═══ Given information ═══

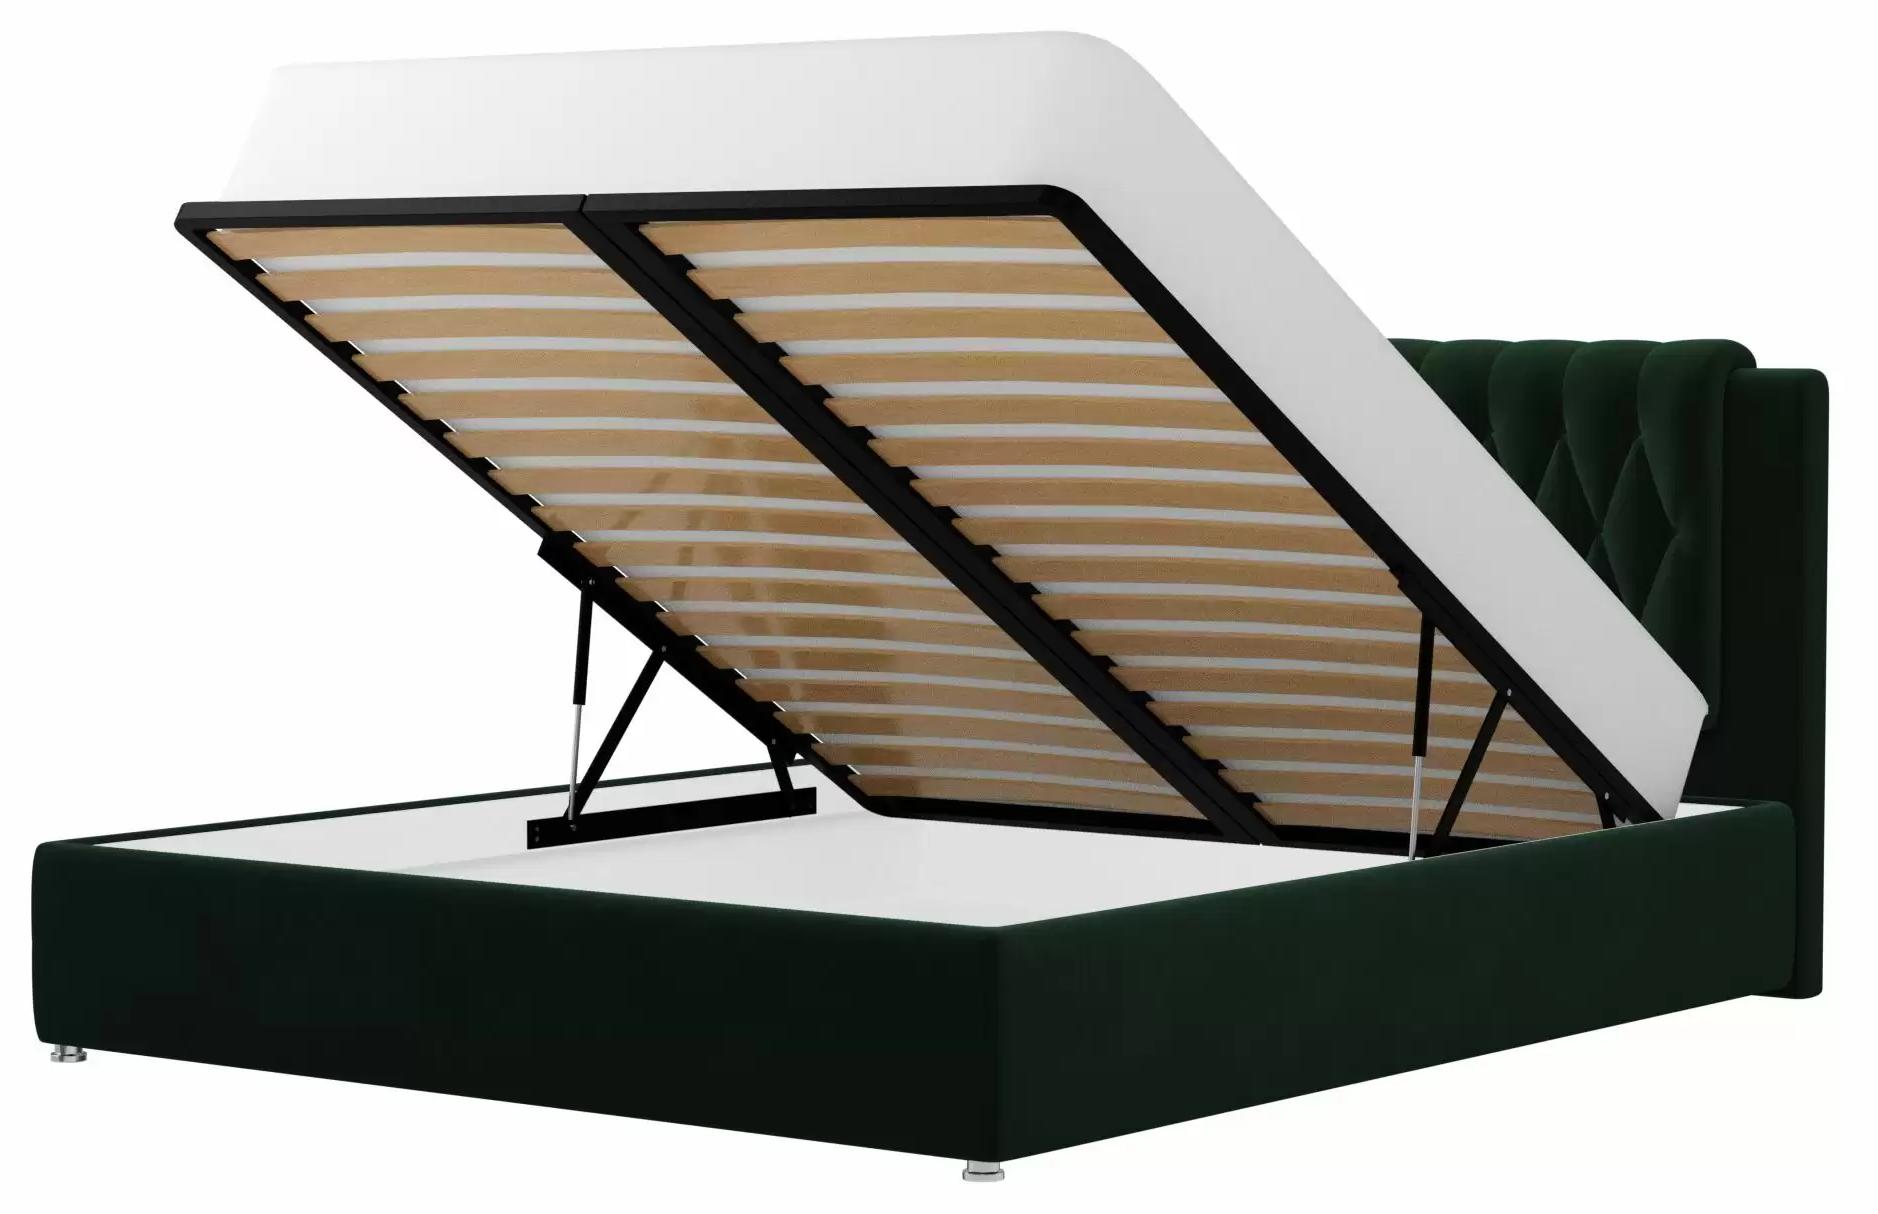 Интерьерная кровать Камилла (Зеленый)
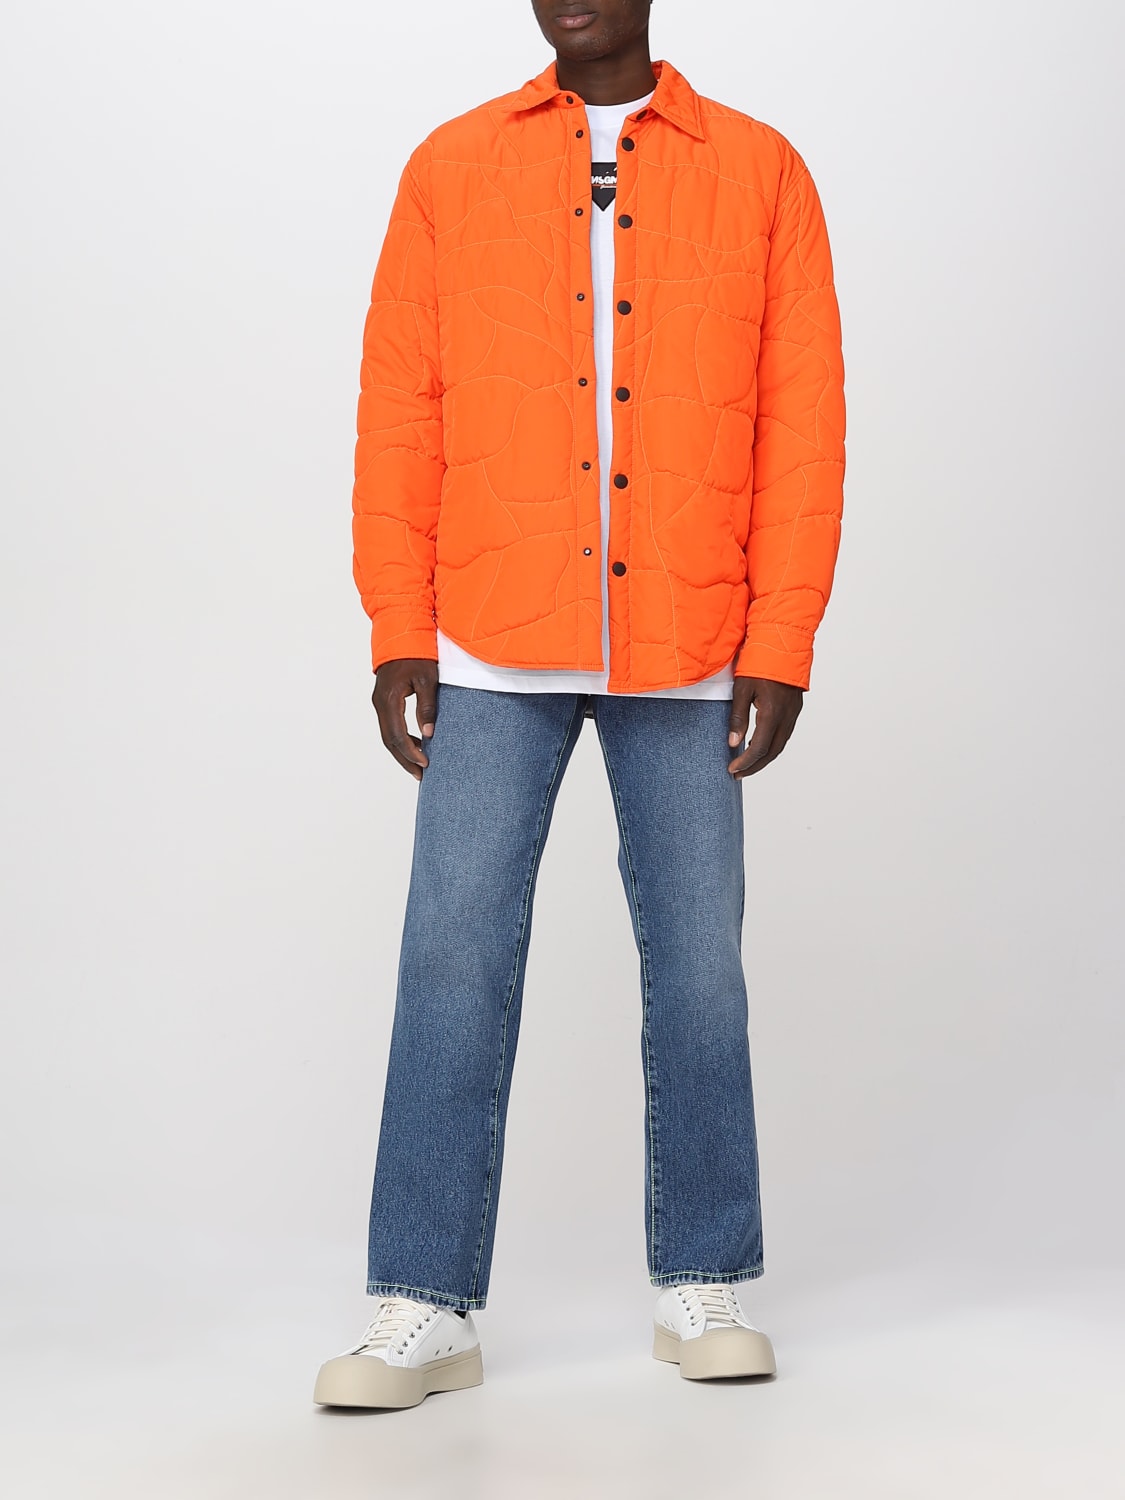 Msgm Outlet: jacket for man   Orange   Msgm jacket ME
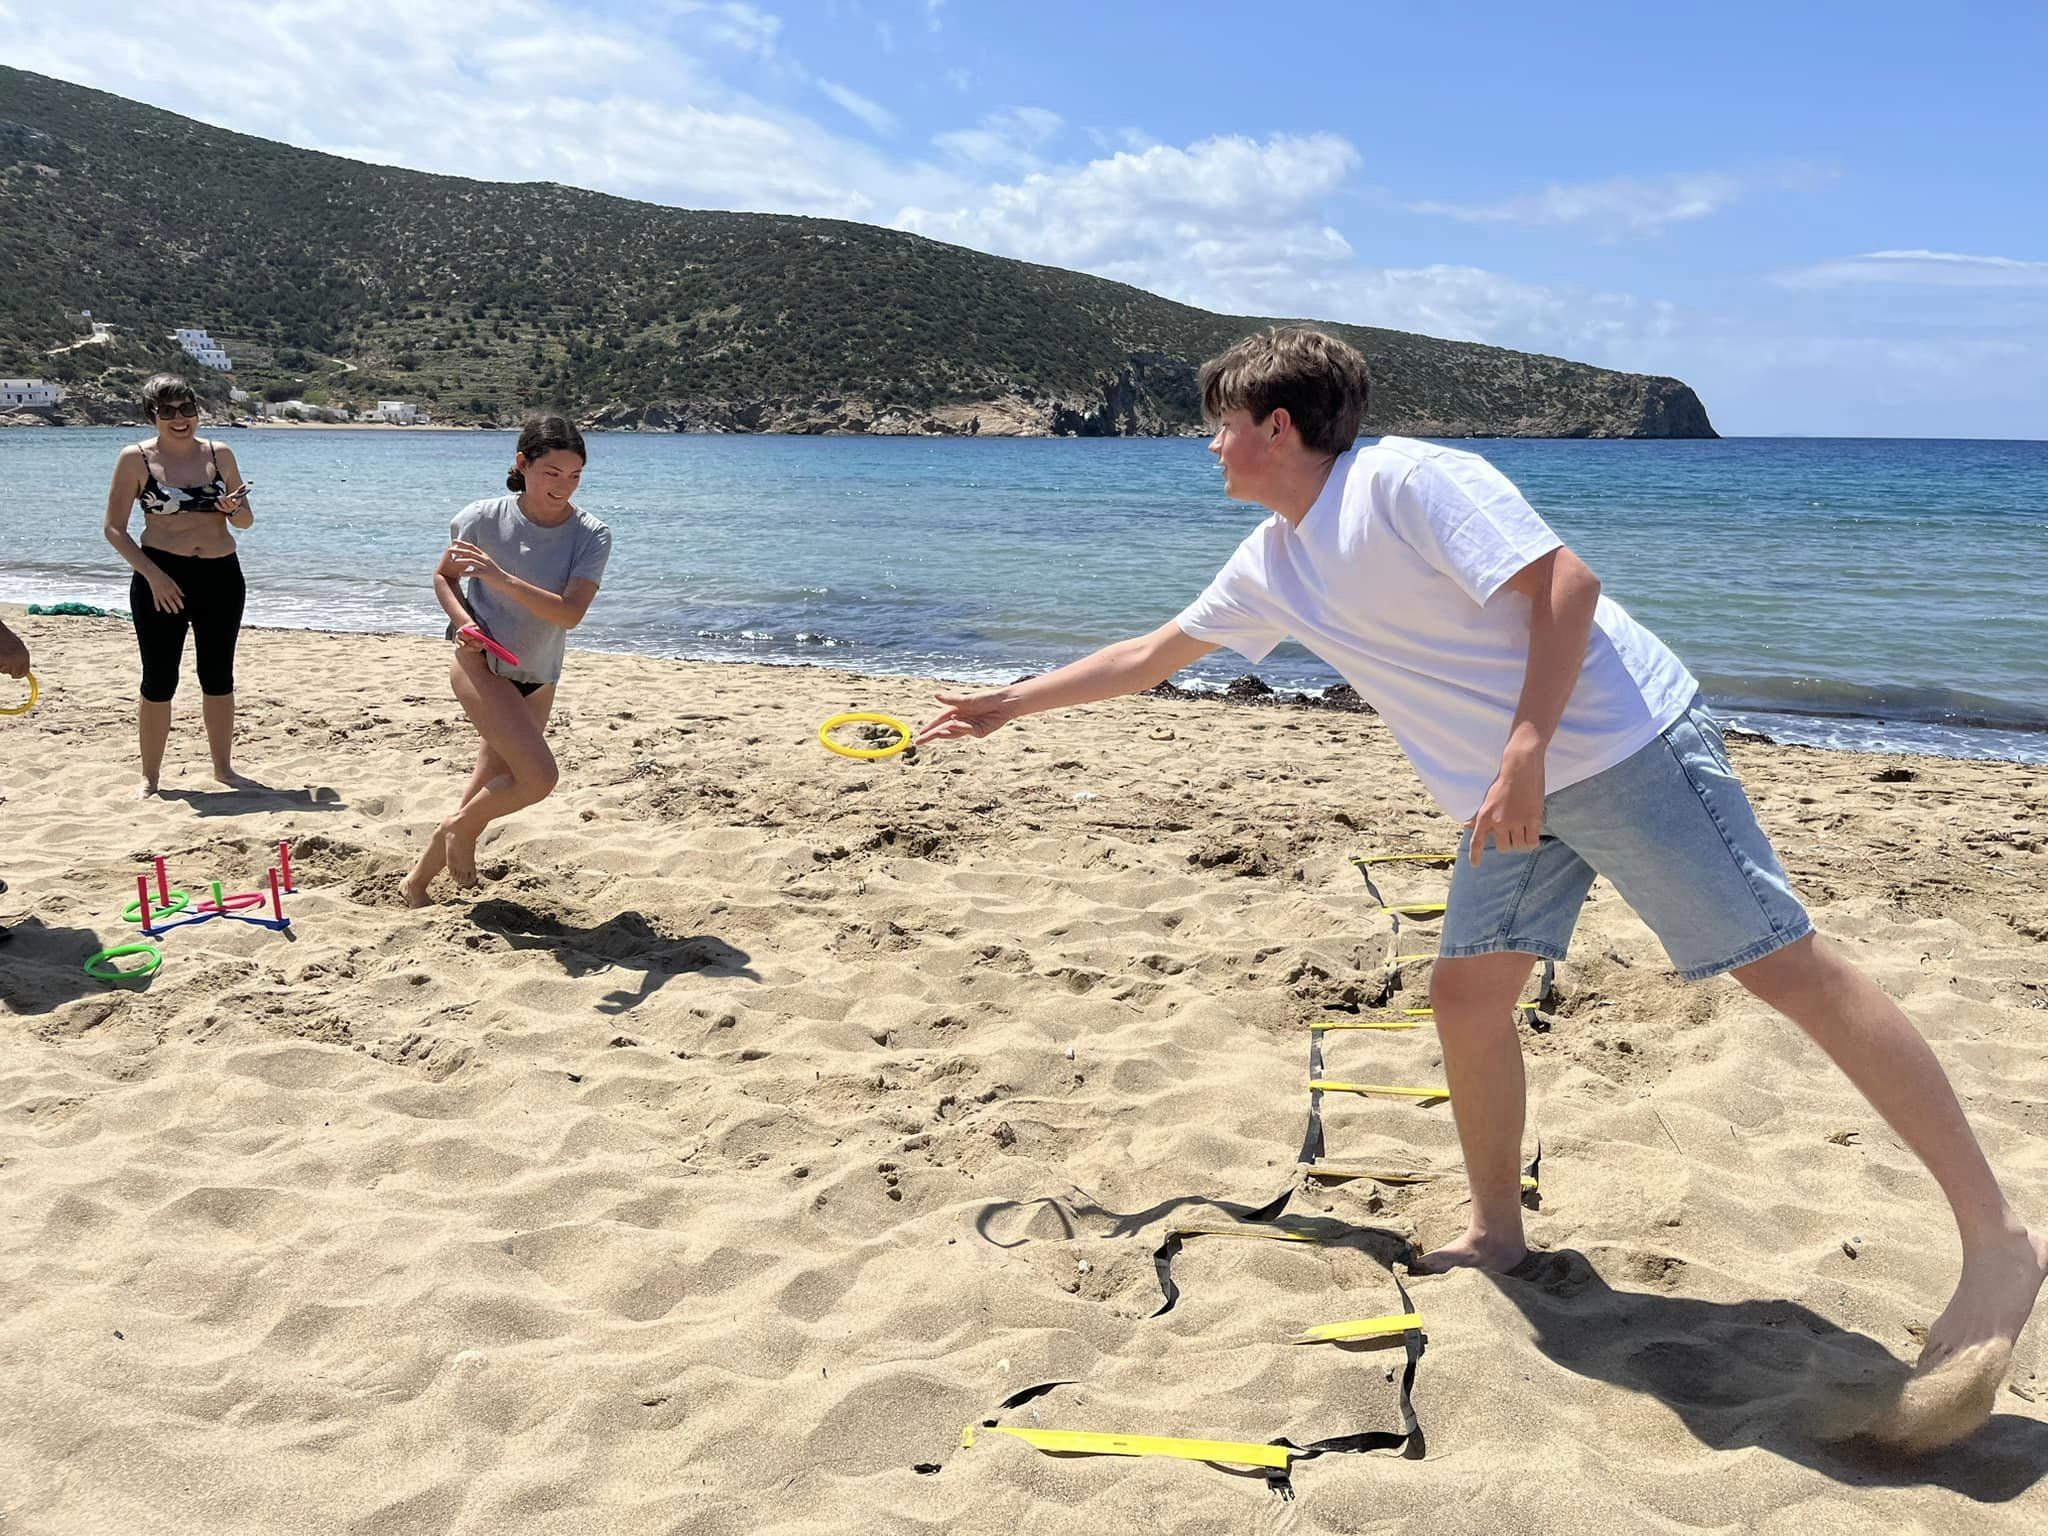 W dniach 14-21 kwietnia grupa 11 uczniów pod opieką p. Agnieszki Gemborys i p. Katarzyny Ścisłowicz spędziła wspaniałe chwile w Grecji na pięknej wyspie Sifnos. Wyjazd odbył się w ramach projektu Erasmus+ „Troskliwa Szkoła - Zjednoczeni w Różnorodności,”, zabawy na plaży

═══

Required work
Output the listing above exactly, but leave its pictures behind.

Written answer
 Интерьерная кровать Камилла (Зеленый)
 Msgm Outlet: jacket for man   Orange   Msgm jacket ME
 W dniach 14-21 kwietnia grupa 11 uczniów pod opieką p. Agnieszki Gemborys i p. Katarzyny Ścisłowicz spędziła wspaniałe chwile w Grecji na pięknej wyspie Sifnos. Wyjazd odbył się w ramach projektu Erasmus+ „Troskliwa Szkoła - Zjednoczeni w Różnorodności,”, zabawy na plaży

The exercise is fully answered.